Postgresql replicas stuck in recovery (archive_command won’t run on replicas)

postgresqlreplication

We're currently running a master -> slave, slave, slave, slave set up using postgresql 9.2.8 with streaming and WAL-E/S3 for handling wal segments.

Should all of the replicas currently be "in recovery"? Running SELECT pg_is_in_recovery(); on all of them returns true, which is concerning. We can run queries on them (assuming they don't take longer than 30 seconds).

I'm trying to spin up another replica off of one of the existing slaves using WAL-E but I'm currently unable to do so given every replica is in recovery mode. I can't run pg_basebackup or use wal-e's backup features on the replicas.

Amy I missing something glaringly obvious? The only thing I can think of is we had an issue roughly 2 months ago where our hard drive filled up on our master, and it shut off. We were able to boot it, clear disk space, and continue streaming/replication from the master.

If I were to simply start up 3 postgresql servers and configure them in a 3 server chain (master -> slave -> slave) using streaming/archiving it would work properly with WAL-E, as I have done this. Just for some reason I'm unable to get our existing production replicas to stream/archive to any other server. Specifically the archive_command is NEVER run on any of the replicas (because it's stuck in recovery mode).

Does anyone have any suggestions on how I can further debug/diagnose this? I'm trying to find a solution without significant downtime to our production database (as I could always just re-import the DB to a new server and start the chain again, but this would take 12+ hours).

Here is the configuration details: https://gist.github.com/Geesu/1a696262e46ba9f0a24c
As well as the local_backup_script.sh: https://gist.github.com/Geesu/3b8b35e108d8e2205da7

Thanks!

Best Answer

Hopefully this still qualifies as an answer to your question, even though I've not solved your problem.

Should all of the replicas currently be "in recovery"? Running SELECT pg_is_in_recovery(); on all of > them returns true, which is concerning. We can run queries on them

This is normal. Your slave is in recovery of a sort, albeit a slow and perpetual one, while it's still chomping WAL segments (or streaming) from another server.

Just for some reason I'm unable to get our existing production replicas to stream/archive to any other server. Specifically the archive_command is NEVER run on any of the replicas (because it's stuck in recovery mode).

Are you receiving errors anywhere? Remember streaming is initiated by the downstream slaves: what state are they in? What data do they have? And is anything interesting logged when the streaming connection is attempted? Remember, PostgreSQL's built-in streaming replication is independent of the archive system (assuming the downstream machine is otherwise up-to-date); can you make a connection on behalf of the replication user?

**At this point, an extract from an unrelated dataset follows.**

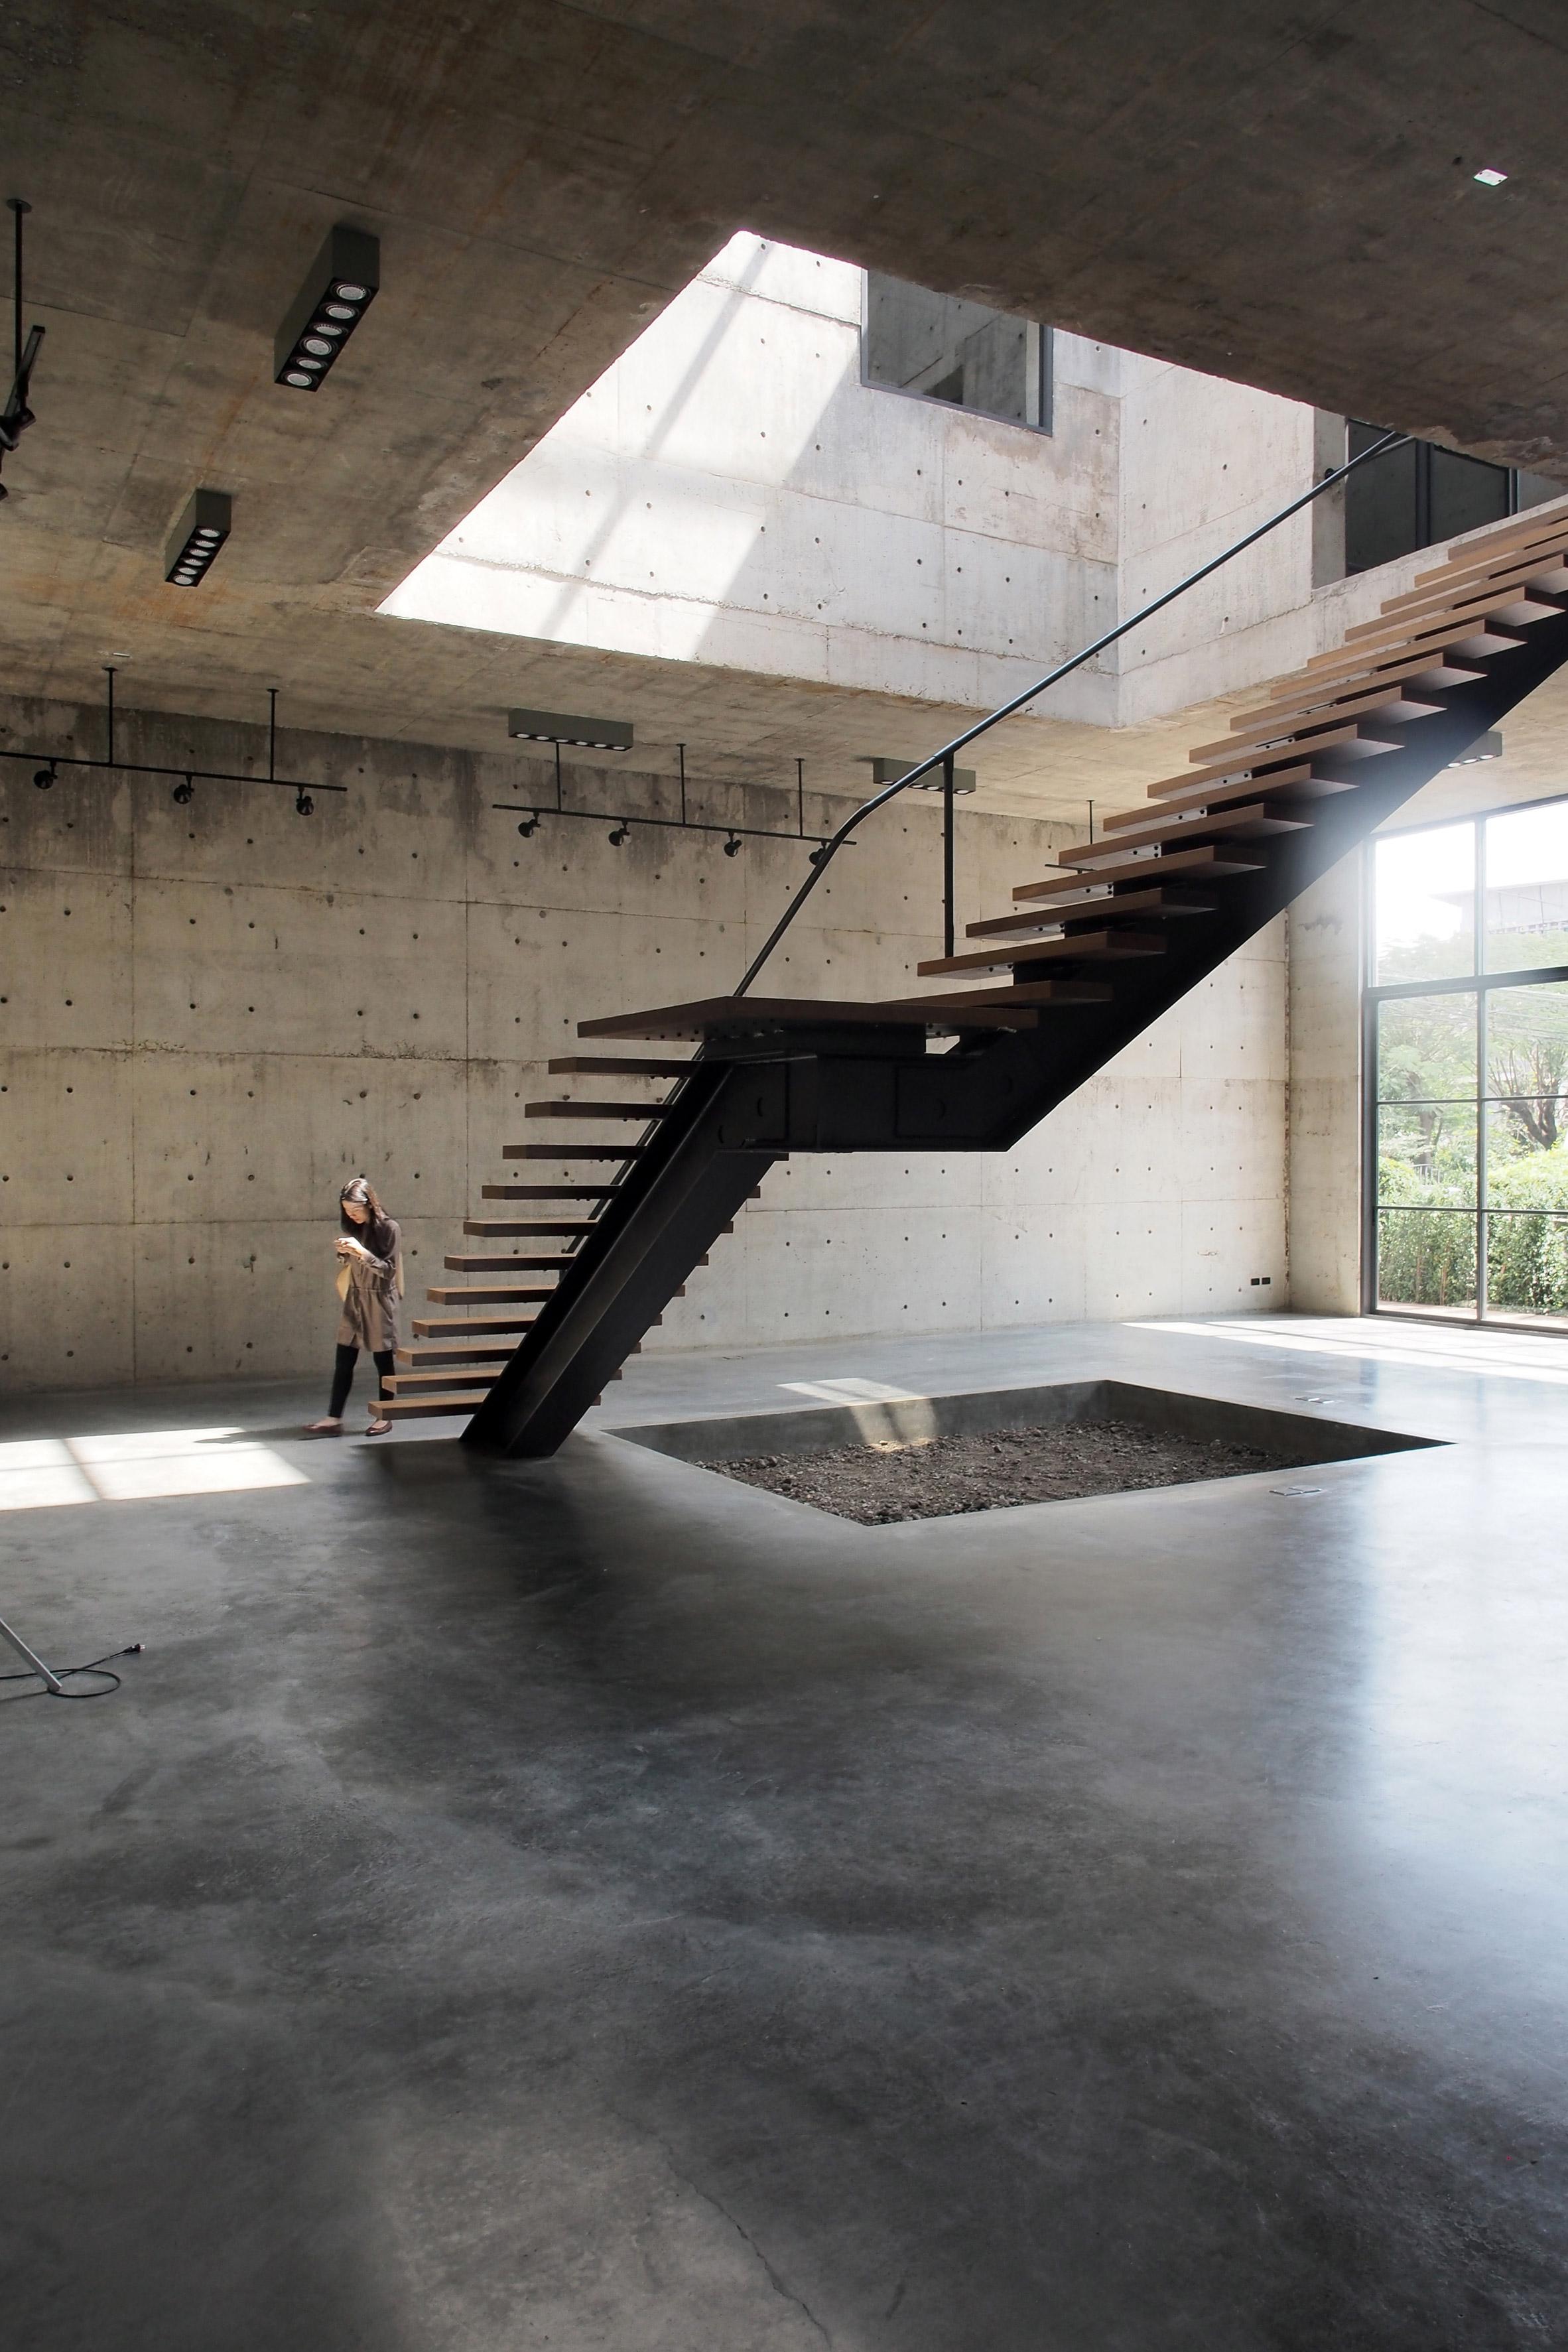 solid-concrete-gallery-as-living-artwork-aswa-architecture-bangkok-thailand_dezeen_2364_col_12.jpg

Does anyone have any suggestions on how I can further debug/diagnose this?

Given the inconsistencies between production and your trial, it does sound like a misconfiguration hidden somewhere, though I don't know anything about WAL-E. A diff of postgresql.conf, pg_hba.conf (and recovery.conf I suppose) would be a boring but good start. Between your production slaves and working, trial slaves, that is.

You could also check the contents of the pg_settings table. If these are long-running production machines, perhaps a setting simply hasn't been applied yet? And I know you will have looked at the docs on cascading replication and its requirements, but I'm linking them just in case.